Answer: The Son is inferior to the Father when he assumes human form, but is truly equal to the father in nature of divinity and essence, it is he again who testifies: I and my Father are one. (John 10:30) And again: He that hath seen me hath seen the Father. (John 14:9) And also: That all men should honour the Son, even as they honour the Father. (John 5:23) And again: That they may be one, even as we are one: I in them, and thou in me. (John 17:22) And again: And all mine are thine, and thine are mine. (John 17:10) And again: All things that the Father hath are mine. (John 16:15) And again: I am in the Father, and the Father in me. (John 14:10) And again: The Father that dwelleth in me, he doeth the works. (John 14:10) And John the evangelist says: In the beginning was the Word, and the Word was with God, and the Word was God. (John 1:1) Also to the Parthians: ”there are three", he says, ”that bear witness in earth, the water, the blood and the flesh (body): and these three are in us.” (1 John 5:8) ”and there are three that bear record in heaven, the Father, the Word, and the Spirit: and these three are one.”(1 John 5:7) And so we believe that the Father and the Son are in the nature of divinity, by which they are One; nor (do we think) that the Father preceded in time so that he is greater than the Son, or that the Son was born later, so that the divinity of the Father is diminished in the Son.
(Idacius Clarus, Contra Varimadum (Marvidamun), Book 1. Chapter 5; CCSL 90:20-21; Migne Latina, PL 62 359)

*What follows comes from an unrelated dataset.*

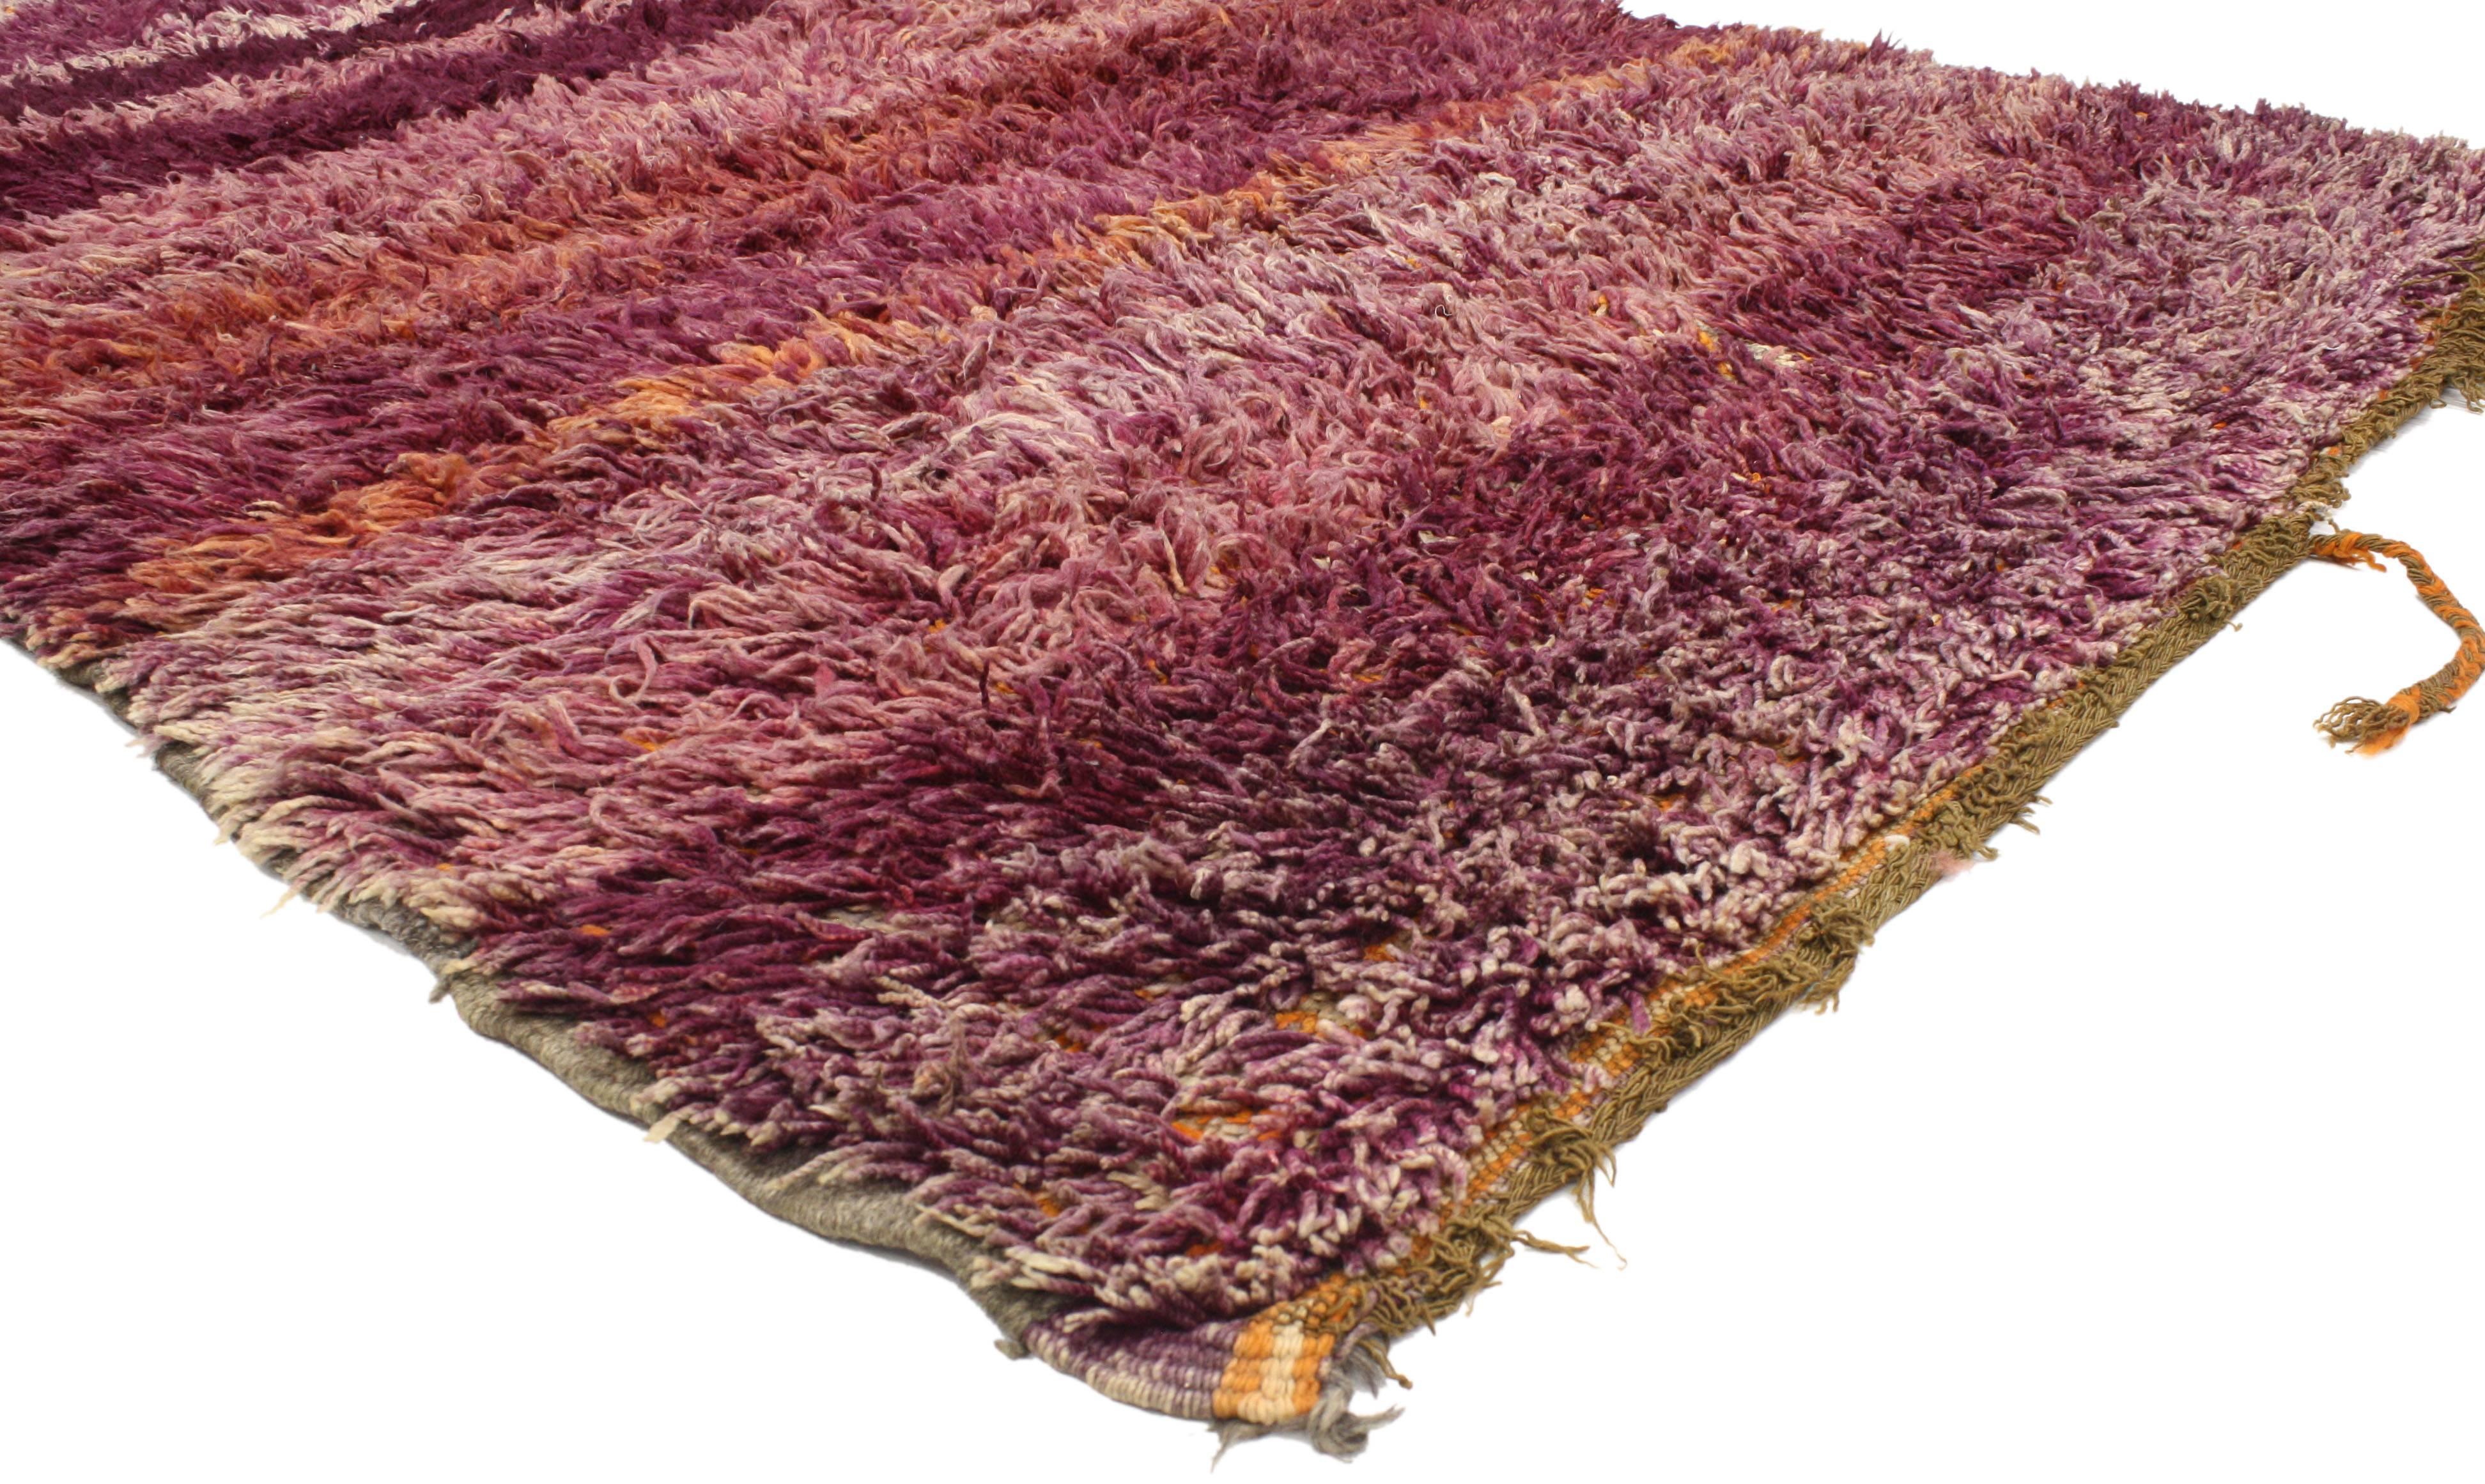 20635 Vintage Beni Mrirt Marokkanischer Teppich, 05'09 x 08'03. Beni Mrirt Teppiche verkörpern eine verehrte marokkanische Webtradition, die für ihre luxuriöse Textur, geometrischen Motive und beruhigenden Erdtöne bekannt ist. Diese Teppiche werden

○ Latin: Si dixerint illud, quod Filius in Evangelio dixerit: Pater maior me est (Ioan. XIV, 28). Responsio. (0359B) Filius minor est Patre in assumpti hominis forma, aequalis vero Patri est in deitatis naturae substantia, eodem protestante: Ego et Pater unum sumus (Ioan. X, 30) . Et iterum: Qui me vidit, vidit et Patrem (Ioan. XIV, 9) . Et item: Ut omnes honorificent Filium sicut honorificant Patrem (Ioan. V, 23) . Et iterum: Sint in nobis unum, sicut et nos sumus unum; tu in me, et ego in eis (Ioan. XVII, 22) . Et iterum: Omnia mea tua sunt, et omnia tua mea sunt (Ioan. XVII, 10) . Et iterum: Omnia quae habet Pater mea sunt (Ioan. XVI, 15) . Et iterum: Ego in Patre, et Pater in me (Ioan. XIV, 10) . Et iterum: Pater in me manens facit opera haec (Ibid.) . Et Ioannes evangelista ait: In principio erat Verbum, et Verbum erat apud Deum, et Deus erat Verbum (Ioan. I, 1) . Item ipse ad Parthos: Tres sunt, inquit, qui testimonium perhibent in terra, aqua, sanguis et caro, et tres in nobis sunt (I Ioan. V, 8) . Et tres
sunt qui testimonium perhibent in coelo, Pater, Verbum, et Spiritus, et ii tres unum sunt (I Ioan. V, 7, 8) .
Nos itaque in natura deitatis, qua unum sunt, Patrem, et Filium credimus: nec Patrem aliquo tempore praecessisse ut maior sit Filio, nec Filium postea natum esse, ut deitas Patris minoretur in Filio.
(Idacius Clarus, Contra Varimadum (Marvidamun), Book 1. Chapter 5; CCSL 90:20-21; Migne Latina, PL 62 359)

Compare to Grantley
ii - this should be checked throughout, discussed once I think
Patrem
Filium
minoretur

“Et Iohannes euangelista ait: In principio erat uerbum, et uerbum erat apud deum, et deus erat uerbum. Item ipse ad parthos: tres sunt, inquit, qui testimonium perhibent in terra: aqua, sanguis, et caro, et tres in nobis sunt; et tres sunt qui testimonium perhibent in cælo: pater, uerbum, et spiritus, et hi tres unum sunt. Nos itaque in natura deitatis, quia unum sunt pater et filius, nec patrem credimus aliquo tempore præcessisse, ut maior sit filio, nec filium postea natum esse, ut deitas patris minoraretur in filio.”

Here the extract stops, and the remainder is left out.